相关技术中,通过安装在车身不同位置的多个摄像头分别进行拍摄,从而得到汽车前后左右方位视角的图像,然后将这些图像拼接起来得到全景环视图像,驾驶员可以在车载中控大屏上观看该环视图像了解汽车周围环境。通过将环视图像通过训练好的神经网络进行目标检测,确定目标(例如停车位、人、障碍物、车道线等)的位置,该检测结果的召回率和准确率较高,从而实现汽车的智能辅助驾驶。
但是基于环视图像进行目标检测,得到的检测结果中目标存在的置信度过低,无法判断是否为真正的目标,很容易出现目标检测错误。
发明内容
本申请提供一种目标检测方法和装置,以通过对从单张图像中检测到的目标的置信度和从环视图像中检测到的目标的置信度进行融合,确保检测到的目标的可信程度,进而提高目标检测的准确性。
第一方面,本申请提供一种目标检测方法,包括:
当第一目标和第二目标为同一目标时,根据第一置信度和第二置信度获取融合置信度;其中,所述第一置信度为所述第一目标在第一图像中的可信程度,所述第二置信度为所述第二目标在第二图像中的可信程度,所述第一图像为来自第一摄像装置的图像,所述第二图像为根据来自多个摄像装置的图像得到的环视图像,所述多个摄像装置包括所述第一摄像装置;根据所述融合置信度输出目标检测结果。

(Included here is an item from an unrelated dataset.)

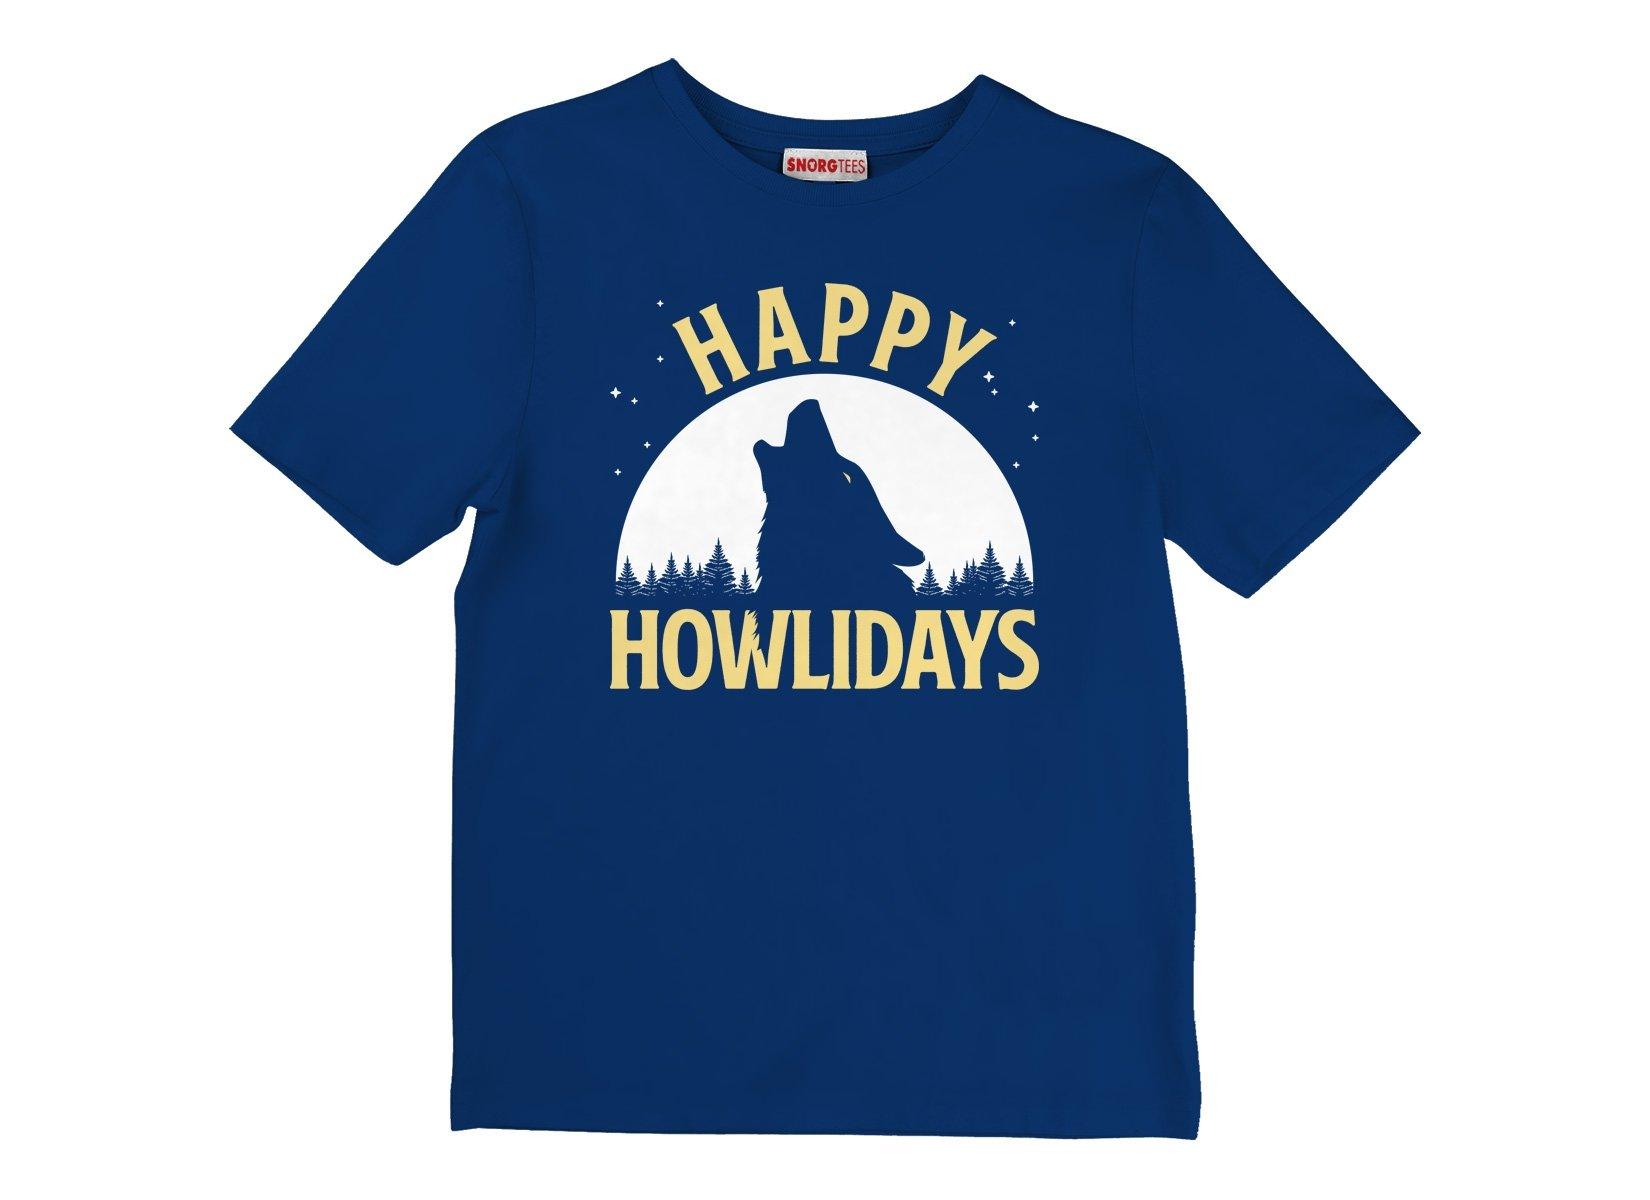 Happy Howlidays on Kids T-Shirt

本申请通过对从单张鱼眼图像中检测到的目标的置信度和从环视图像中检测到的目标的置信度进行融合,确保检测到的目标的可信程度,进而提高目标检测的准确性。
在一种可能的实现方式中,所述根据第一置信度和第二置信度获取融合置信度,包括:当所述第一置信度大于第一阈值,且所述第二置信度大于第二阈值时,根据预设的权重值确定所述融合置信度;和/或,当所述第一置信度小于或等于所述第一阈值,且所述第二 置信度大于所述第二阈值时,确定所述融合置信度为所述第二置信度。
在一种可能的实现方式中,所述根据所述融合置信度输出目标检测结果,包括:确定所述融合置信度大于第三阈值;输出在所述第二图像中检测到的所述第二目标的定位信息。

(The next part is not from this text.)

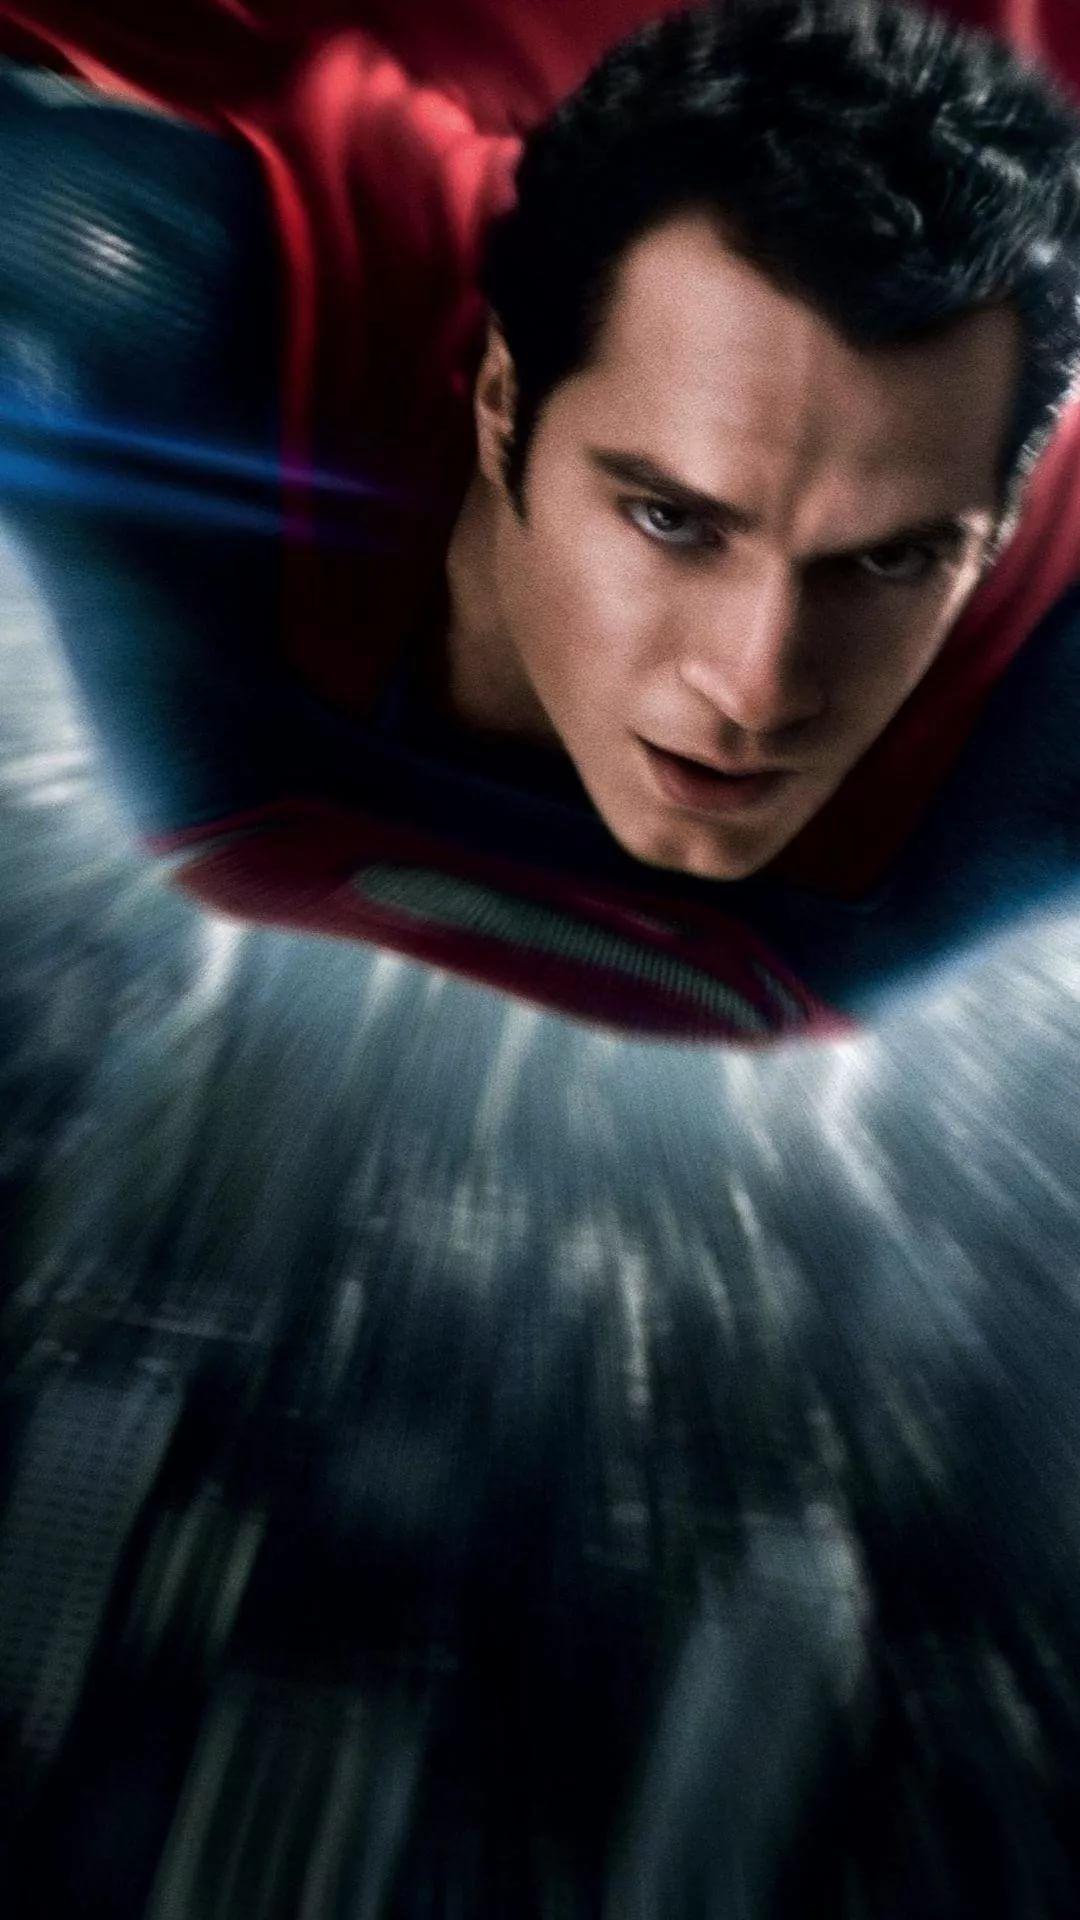 Superman iPhone xr wallpaper

本申请基于融合置信度输入第二图像中检测到的第二目标的定位信息,提高目标检测的准确性。
在一种可能的实现方式中,所述根据第一置信度和第二置信度获取融合置信度,包括:当所述第一置信度大于所述第一阈值,且所述第二置信度小于或等于所述第二阈值时,确定所述融合置信度为所述第一置信度。
在一种可能的实现方式中,所述根据所述融合置信度输出目标检测结果,包括:确定所述融合置信度大于第三阈值;输出在所述第一图像中检测到的所述第一目标的定位信息。

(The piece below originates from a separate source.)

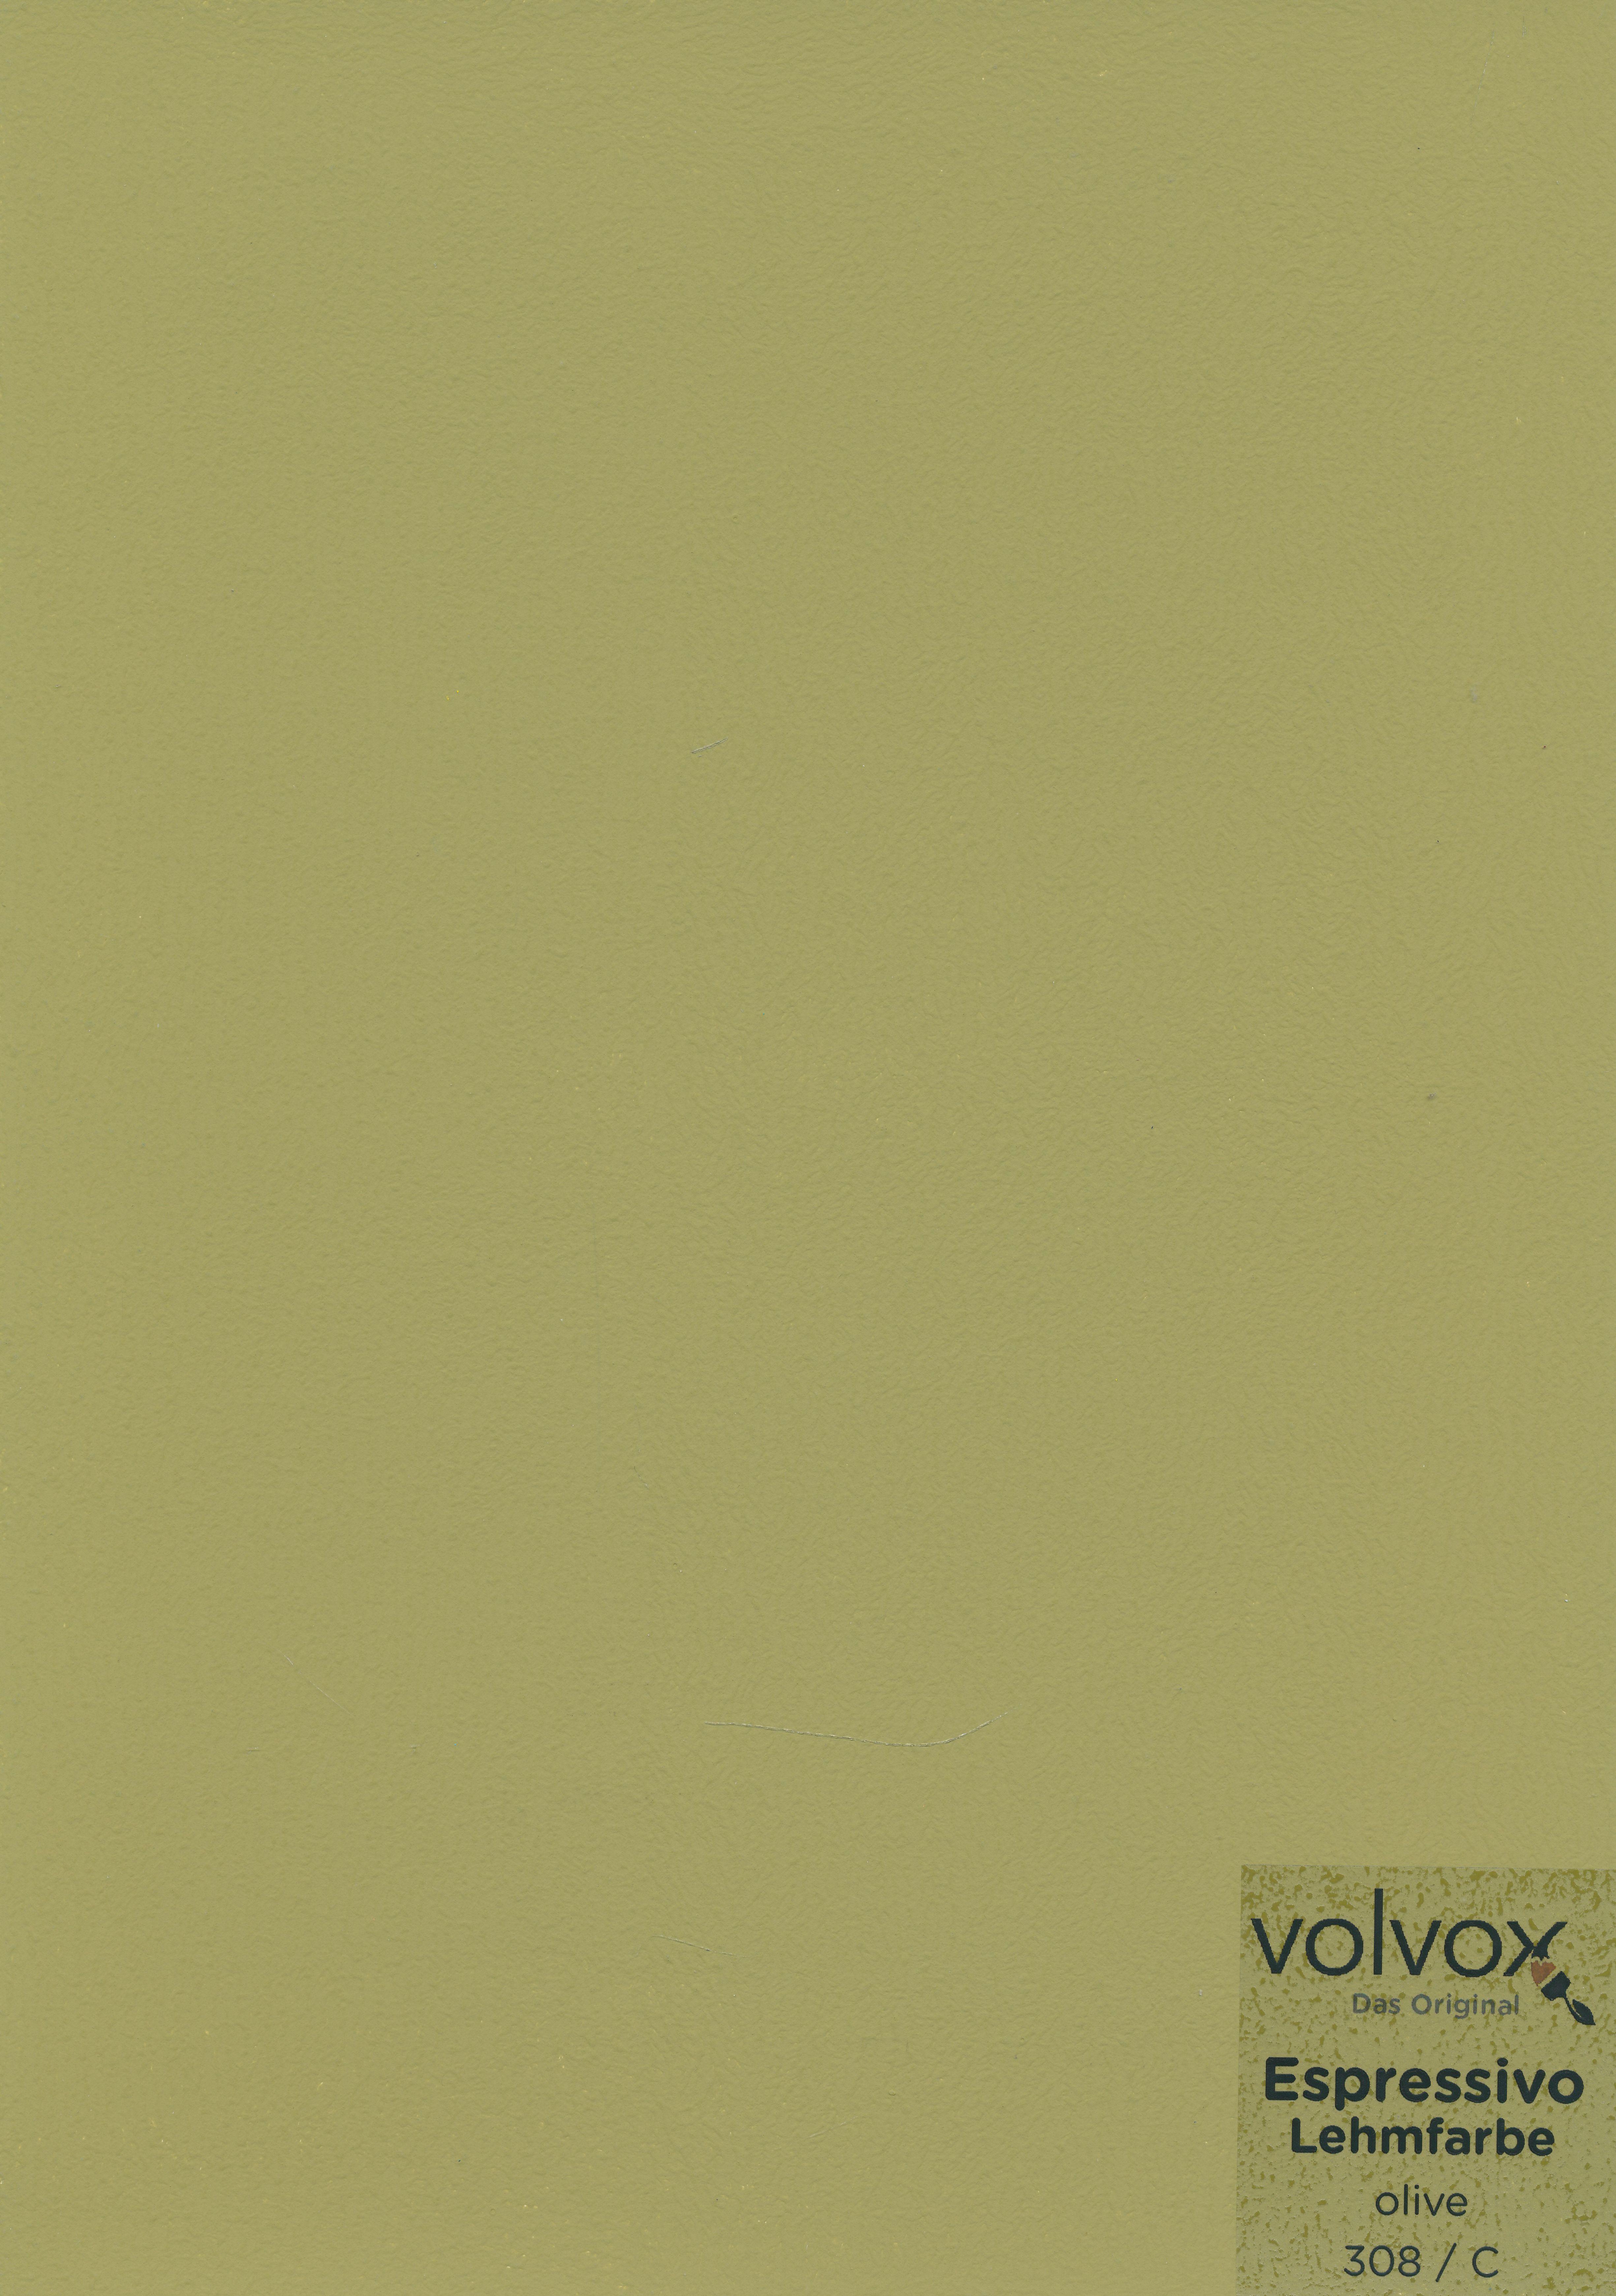 Volvox Espressivo Lehmfarbe 308 olive

本申请基于融合置信度输入第一图像中检测到的第一目标的定位信息,提高目标检测的准确性。
在一种可能的实现方式中,还包括:根据所述第一目标和所述第二目标的图像重合度确定所述第一目标和所述第二目标是否为同一目标;当所述第一目标和所述第二目标的图像重合度大于第四阈值时,确定所述第一目标和第二目标为同一目标。
本申请基于第一目标和第二目标的图像重合度确定二者是否为同一目标,提高目标判断的准确性。
在一种可能的实现方式中,还包括:获取来自所述第一摄像装置的所述第一图像;以及,拼接来自所述多个摄像装置的图像得到所述第二图像。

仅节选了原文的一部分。